American R&B singer Monica has released 8 studio albums, one extended play, and 35 singles (including six as a featured artist). Since the beginning of her career in 1995, she has sold 5.3 million albums in the United States, In 1999, Billboard included her among the top twenty of the Top Pop Artists of the 1990s, and in 2010, the magazine ranked her 24th on its list of the Top 50 R&B and Hip Hop Artists of the past 25 years. With a career lasting over 20 years, Monica became the first artist to top the US Billboard Hot R&B/Hip-Hop Songs chart in the 1990s, 2000s, and 2010s.

Monica's debut studio album, titled Miss Thang was released in July 1995, selling about 1.5 million million copies in the United States.  It produced three top ten singles, including debut single "Don't Take It Personal (Just One of Dem Days)" and follow-up "Before You Walk Out of My Life", both of which made her the youngest artist ever to have two consecutive chart-topping hits on the Billboard Hot R&B Singles chart.

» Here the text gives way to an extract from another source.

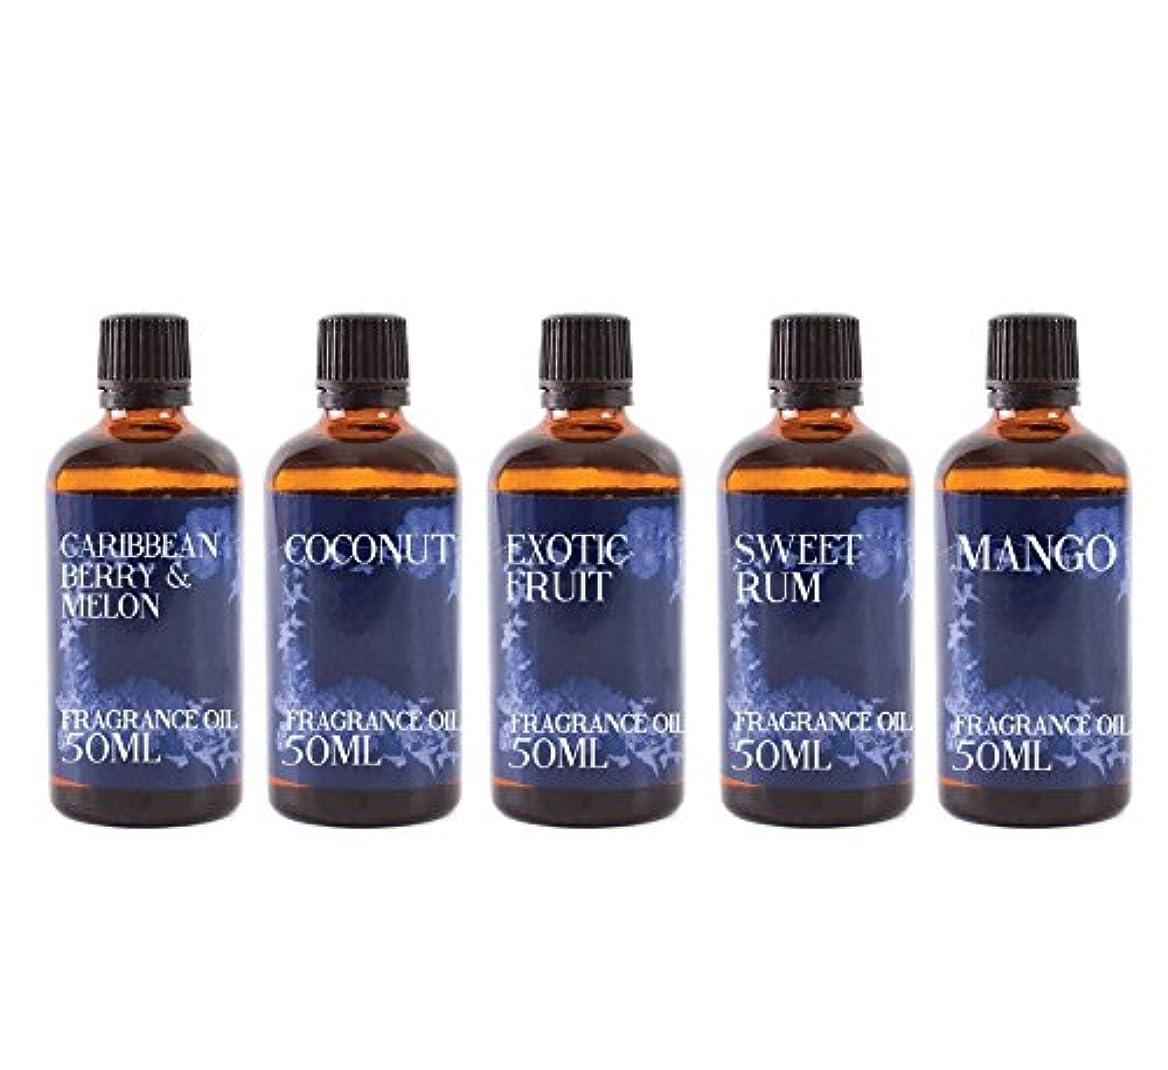 補償側交差点Mystic Moments | Gift Starter Pack of 5 x 50ml Desert Island Fragrant Oil
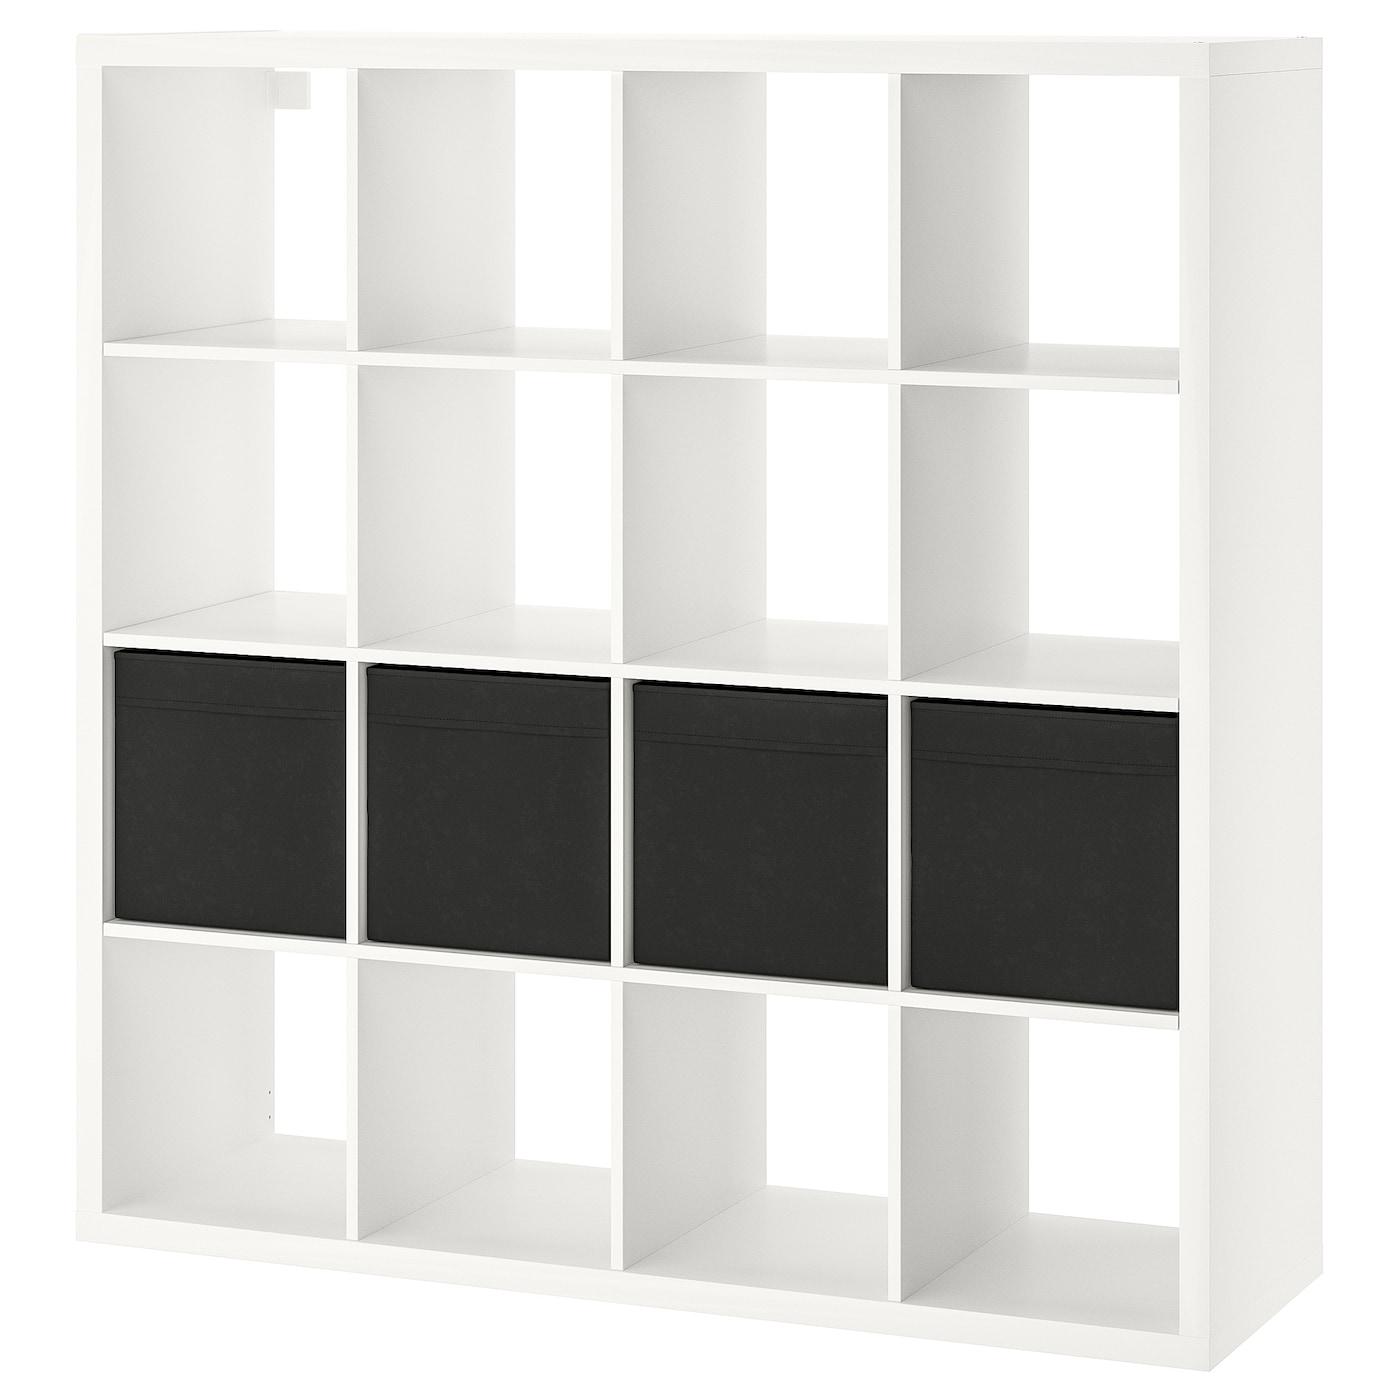 KALLAX Regal mit 4 Einsätzen, weiß, 147x147 cm. Hier kaufen

In 1997, Monica released the top five single "For You I Will", which originated from the sports comedy film Space Jam and its soundtrack and became another platinum seller. Her second album The Boy Is Mine was released in 1998 and earned her major international chart success. It peaked at number eight on the Billboard 200 and was certified three-times platinum in the United States and Canada. Pushed by its same-titled number-one hit, a massive commercial success duet with fellow R&B teen singer Brandy, it spawned five commercially released singles, including further chart-topper "The First Night" and "Angel of Mine".

After a label switch to J Records, Monica released After the Storm in 2003, a retooled version of her third album, All Eyez on Me (2002), which had received a Japan-wide release only after its first single's commercial failure and an early leak via the internet. The album became the singer's first album to debut at number-one on the Billboard 200 chart and eventually sold more than a million copies stateside, with its single "So Gone" becoming Monica's biggest-selling singles in years. Her fifth studio album, The Makings of Me, released in 2006, was considered a commercial failure and was left uncertified by the Recording Industry Association of America (RIAA).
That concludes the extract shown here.